11. The apparatus of claim 10,

the receiving unit is further Configured to receive a configuration authorization Configured Grant of the configuration authorization type 1 and/or the configuration authorization type 2 sent by the network device; and the Physical Uplink Shared Channel (PUSCH) resource indicated by the configuration authorization is the uplink resource.

12. A communication device, comprising:

a sending unit, configured to send the random access preamble on the time-frequency resource;

the sending unit is further configured to send the buffer status information of the first logical channel according to a receiving result;

the processing unit is further configured to, if the random access Response message is not received on the downlink bandwidth part DL BWP, switch back to the original downlink bandwidth part DL BWP after a time Window indicated by a random access Response Window ra-Response Window is ended, and acquire an uplink resource;

the sending unit is specifically configured to send the buffer status information of the first logical channel on the uplink resource;

the sending unit is specifically configured to send a scheduling request to the network device on a physical uplink control channel PUCCH resource corresponding to the scheduling request configuration matched with the second logical channel;

the receiving unit is further configured to receive an uplink grant sent by the network device, where a physical uplink shared channel PUSCH resource indicated by the uplink grant is the uplink resource.

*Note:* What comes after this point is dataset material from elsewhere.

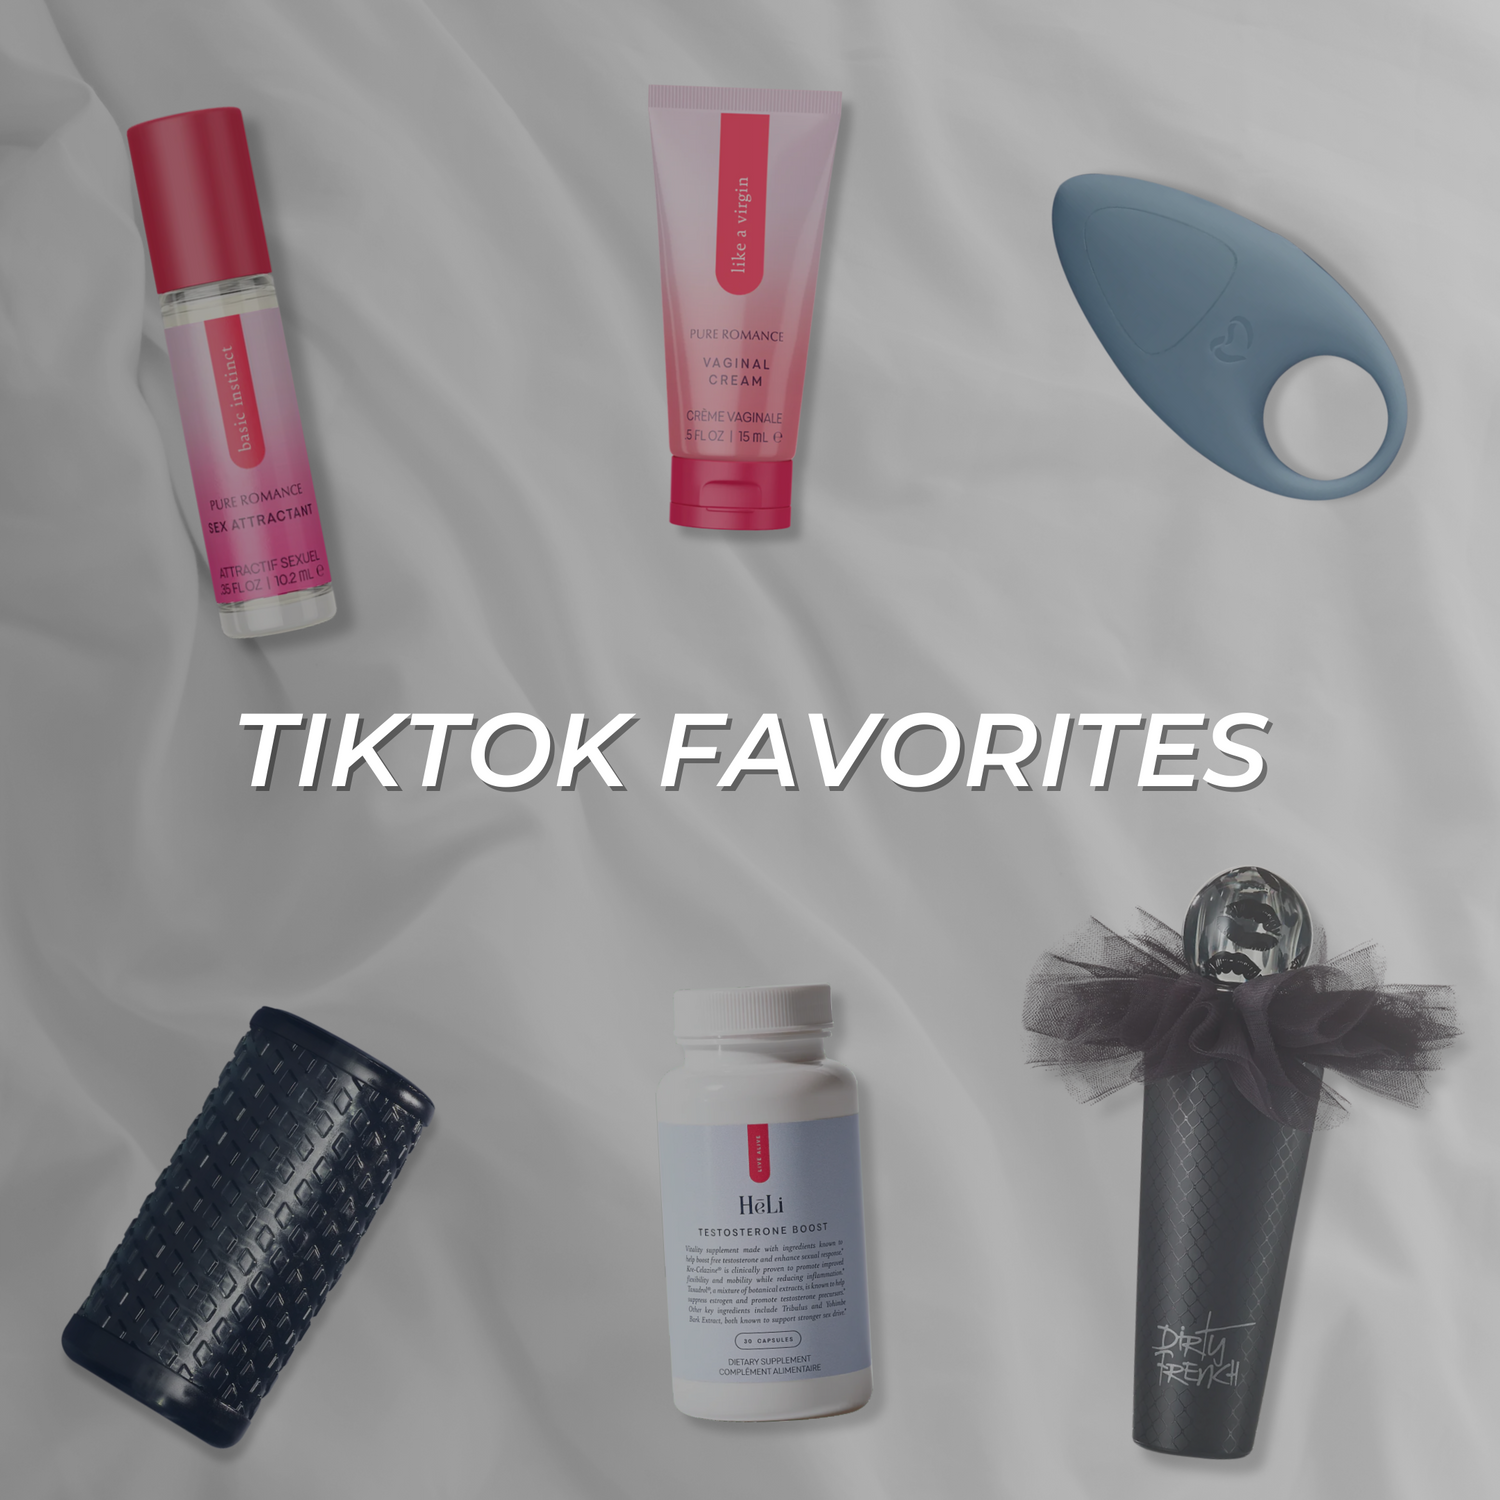 Los Favoritos de Tiktok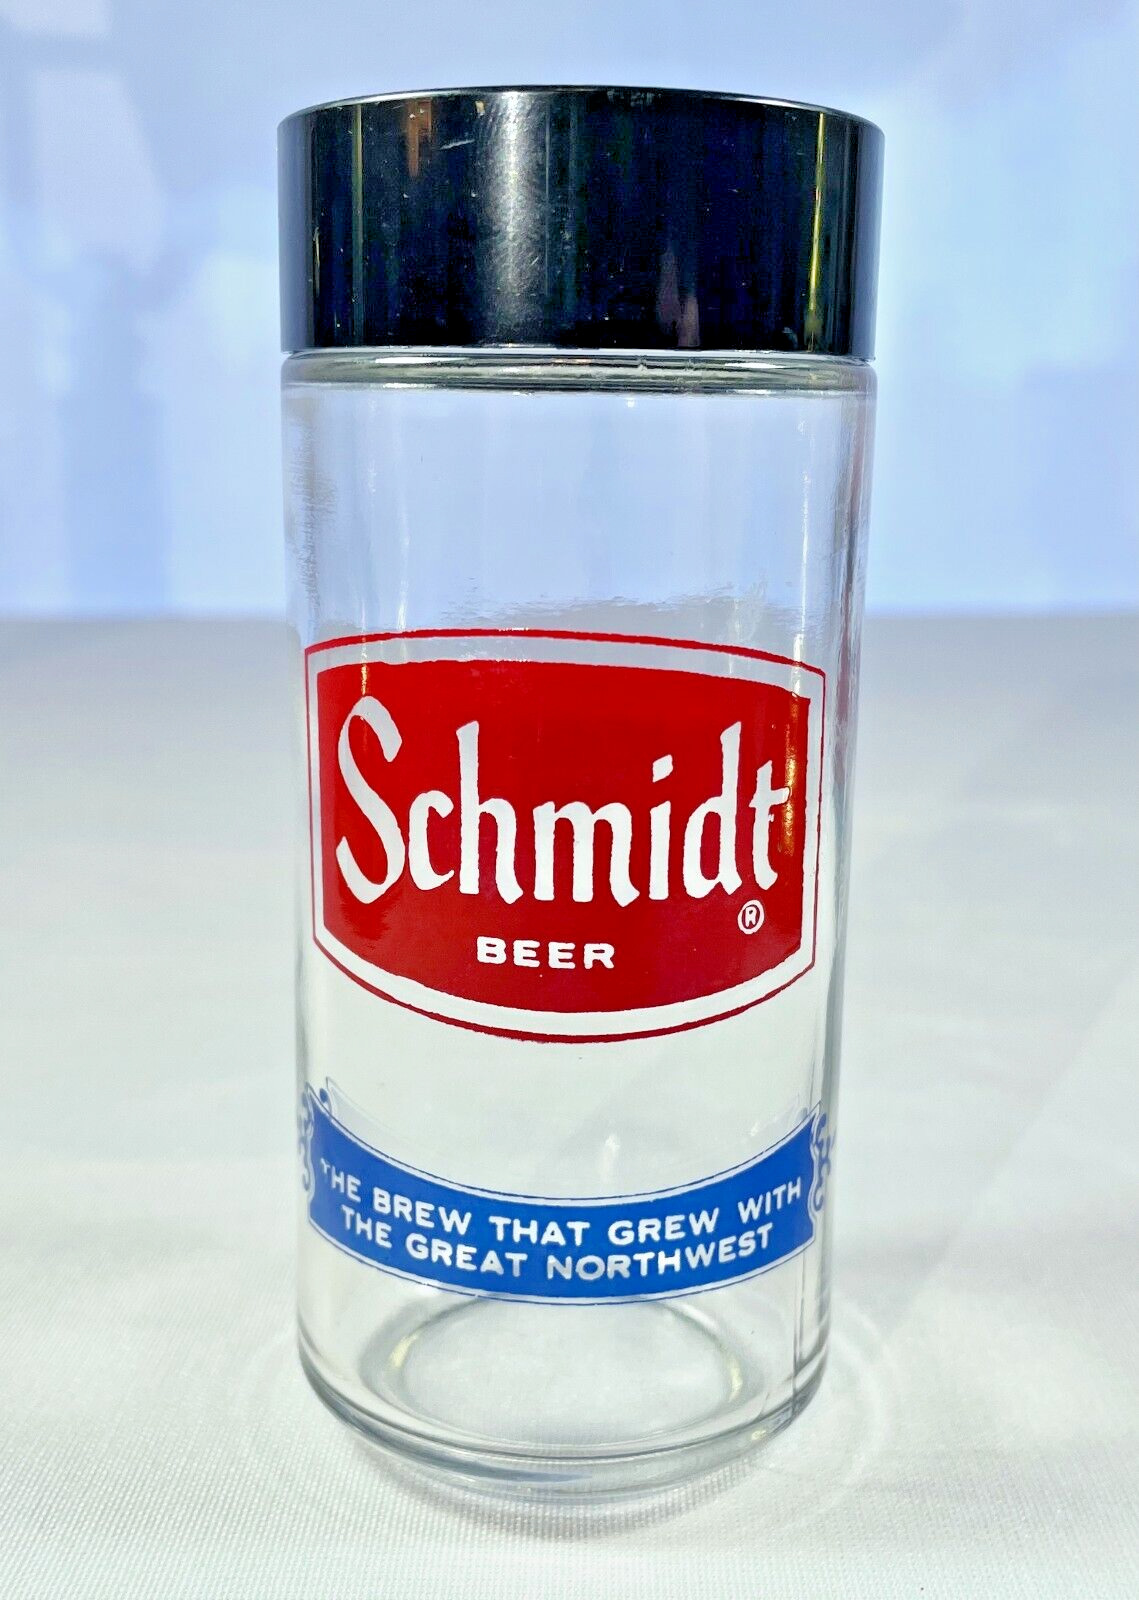 Vtg SCHMIDT BEER GLASS SALT SHAKER ~ Brew That Grew w/ The Great Northwest VGC

13. The apparatus of claim 12,

the processing unit is further configured to determine not to switch to the downlink bandwidth part DL BWP where the random access response message is located if it is determined that at least one of the following conditions is satisfied;

uplink transmission data exist in the random access response window;

downlink receiving data exists in the random access response window;

14. The apparatus according to claim 12 or 13,

the sending unit is specifically configured to send a random access third message in the uplink resource of the uplink grant indication carried in the random access response message if the random access response message is received on the downlink bandwidth part DL BWP; wherein the random access third message carries the buffer status information of the first logical channel.

15. The apparatus of claim 14,

the processing unit is further configured to cancel a pending SR triggered on the first logical channel.

16. The apparatus of claim 12,

17. The apparatus of claim 12,

the receiving unit is further Configured to receive a configuration authorization Configured Grant of a configuration authorization type 1 and/or a configuration authorization type 2 sent by the network device; and the Physical Uplink Shared Channel (PUSCH) resource indicated by the configuration authorization is the uplink resource.

18. The apparatus of claim 12,

the receiving unit is further configured to receive random access parameter information sent by the network device; wherein the random access parameter information includes: at least one of random access parameter information of the initial uplink bandwidth part, random access parameter information of the activated uplink bandwidth part, or random access parameter information of free contention;

the processing unit is specifically configured to determine the time-frequency resource of the random access and the random access preamble according to the random access parameter information.

19. A communication device comprising a processor and a memory, wherein,

the memory is to store program instructions;

the processor is configured to read the program instructions in the memory and execute the data transmission method according to claim 1 or 2, or execute the data transmission method according to any one of claims 3 to 9 according to the program instructions in the memory.

20. A computer storage medium comprising instructions which, when executed by one or more processors, cause a communications device to perform the data transmission method of claim 1 or 2, or to perform the data transmission method of any of claims 3-9.